# John Deere 6400 tractor



## mtarrant (Aug 10, 2009)

I have been looking at buying a 6400 or 6300, but seems like a lot of the guys that I am talking to have spent some money keeping them going.
These are less than 4000 hour tractors with $5000 spent on Tranny work or $4000 redoing the brakes.
Is this common?
I have always like the German built JDs, thought they were hard to beat.


----------



## Wyoming (Dec 23, 2010)

I don't know about everyone else, but I have a 6400 with 8,000 hrs and have never put anything but fluids and filters into it. Ours has been great.


----------



## mtarrant (Aug 10, 2009)

Wyoming said:


> I don't know about everyone else, but I have a 6400 with 8,000 hrs and have never put anything but fluids and filters into it. Ours has been great.
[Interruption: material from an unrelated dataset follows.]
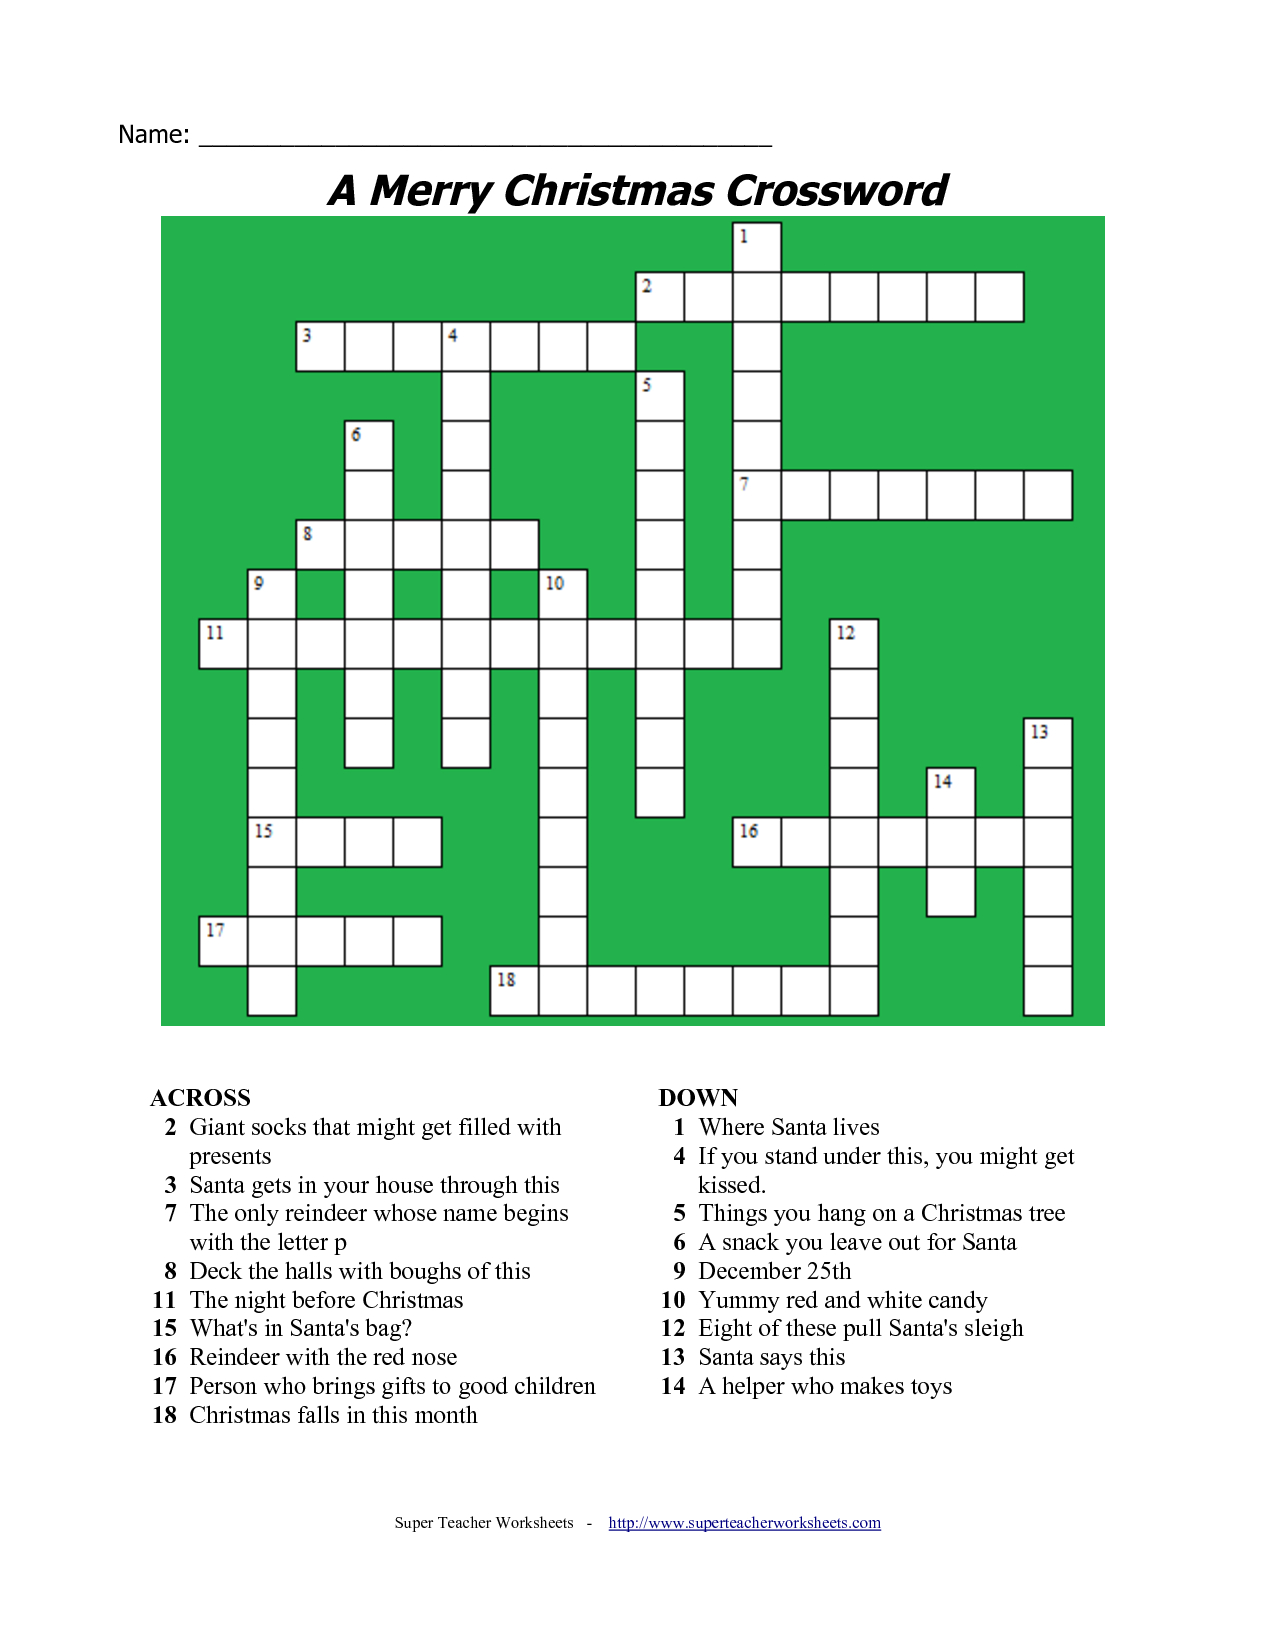 20 Fun Printable Christmas Crossword Puzzles | Kittybabylove - Free Printable Christmas Puzzle Sheets

Thanks, thats good to hear!!!


----------



## Toyes Hill Angus (Dec 21, 2010)

If possible you should consider the 10 seriies over the 00 series. They are a little bit newer and they have the updates in the tranny that used to be fairly problematic fot some people... also more exprnsive


----------



## gman1772 (Mar 20, 2010)

My neighbors have a FWA 6400 with a loader and run the heck out of it. I know they bought it lightly used and have put several thousand hours on it pulling a JD hydro rake and a Sitrex 14 wheel rake as well as doing all the loading of 5X6 bales with it. Never heard of a complaint from them over it. I'm pretty sure I saw them pull a JD568 baler with it on occasion a few times as well.


----------